Разные ребята поступали в училище, из разных городов. Саше даже показалось странным, как такие разные люди смогут овладевать одной профессией, требующей самой высшей степени товарищества в человеческих отношениях.

Были ребята, про которых Саша безошибочно подумал: «Эти — работяги».

Они ему нравились.

И был парень один, увидев которого Саша растерянно огляделся вокруг, в поисках кого-либо, похожего на него. «Этот — лучший»,— подумал он.

…Был экзамен по математике, письменная работа. Семен сидел за одним столом с этим парнем, Андреем Пестовым.

После экзамена, в коридоре, Семен подскочил к Пестову и высыпал на него ворох ругательств. Пестов спокойно смотрел на раскрасневшегося Семена, долго слушал, потом громко спросил:

— А чего ты сюда приехал, если не знаешь такой ерунды?

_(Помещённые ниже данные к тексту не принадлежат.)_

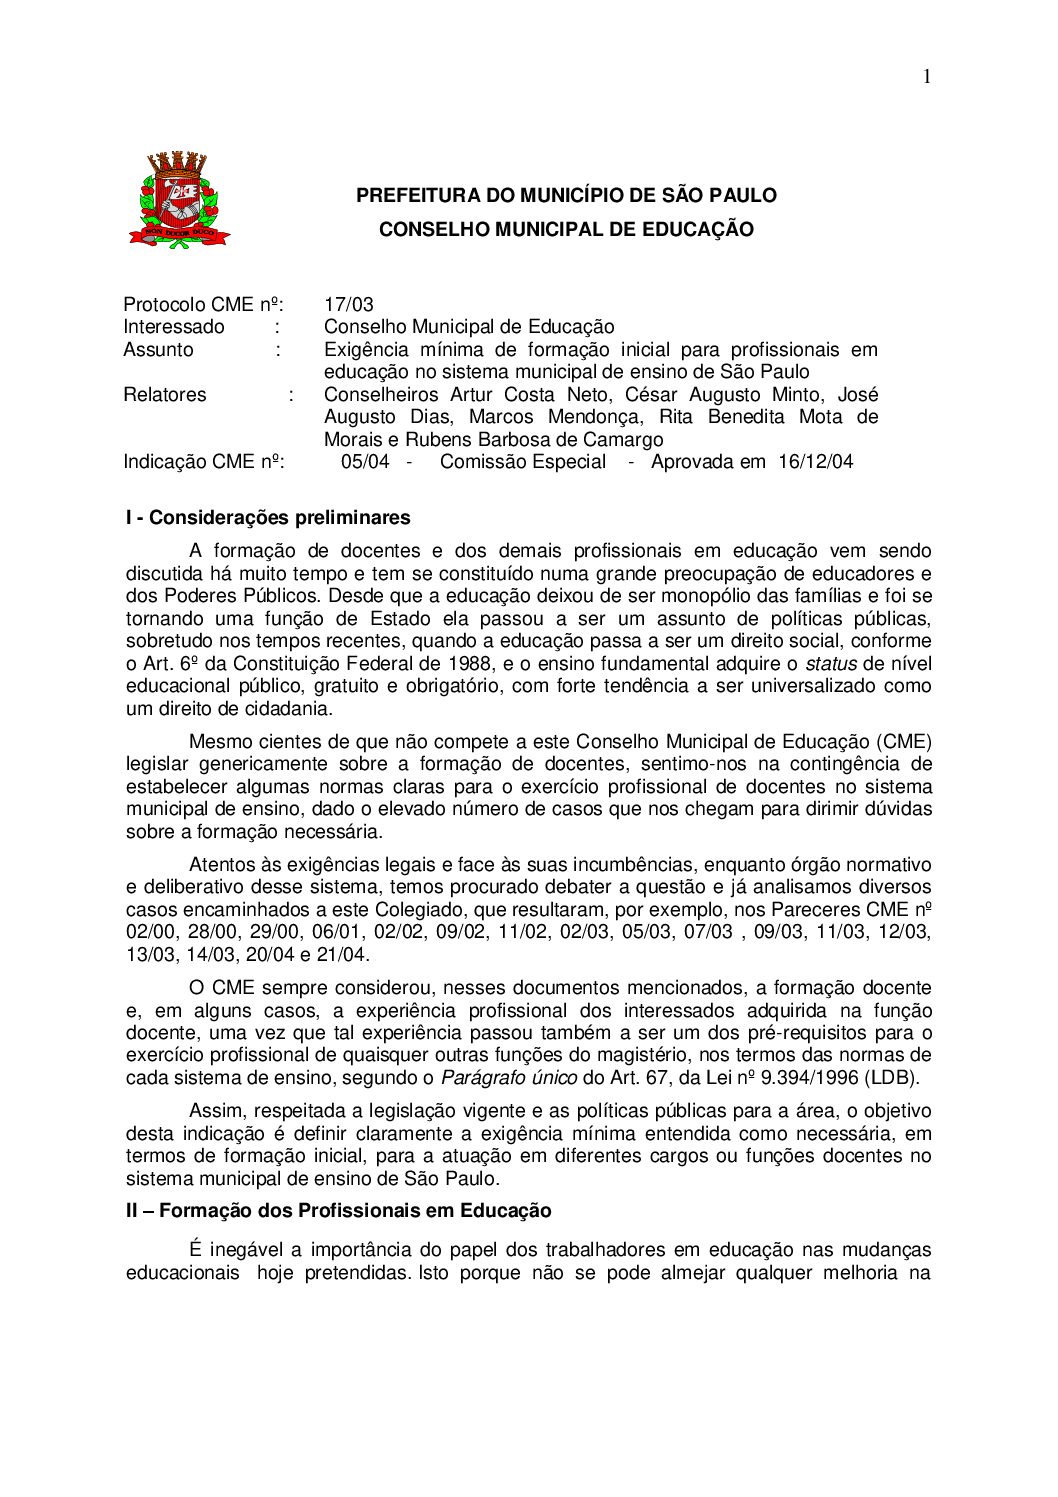 Indicação CME nº 05/2004 - Exigência mínima de formação inicial para profissionais em educação no sistema municipal de ensino de São Paulo

— Умничаешь! — закричал Семен.

— Хотя бы и так. Умничаю. Вот умничаю, и все.— Он смотрел в упор, презрительно, но спокойно.

Семен убежал. Вечером он добился разрешения на пересдачу экзамена, хотя это и было нарушением общих правил. Увидев Андрея Пестова, Семен в присутствии других ребят ехидно сказал:

— Жаль, что ты ничего не завалил. Тебе б пересдачу не разрешили. Не тех кровей!

— А у меня,— холодно ответил Пестов,— не могло быть завала. Понял? И никогда не будет. Запомни, голубая кровь!

Саша рассказал полковнику.

— Он из Никополя,— добавил Саша.

— Никополя? — переспросил полковник и посмотрел на свою золотую звездочку.

— Это где-то на Днепре. Недалеко от Запорожья.

— Запорожский казак?

— Не знаю.

— Покажи мне его.

Увидев позднее Андрея Пестова, полковник подумал: «Он ведет себя так, словно заранее знает, что будет победителем».

К Ясновым подошел Семен.

— На кого вы так смотрите? А, на этого? Это мой враг!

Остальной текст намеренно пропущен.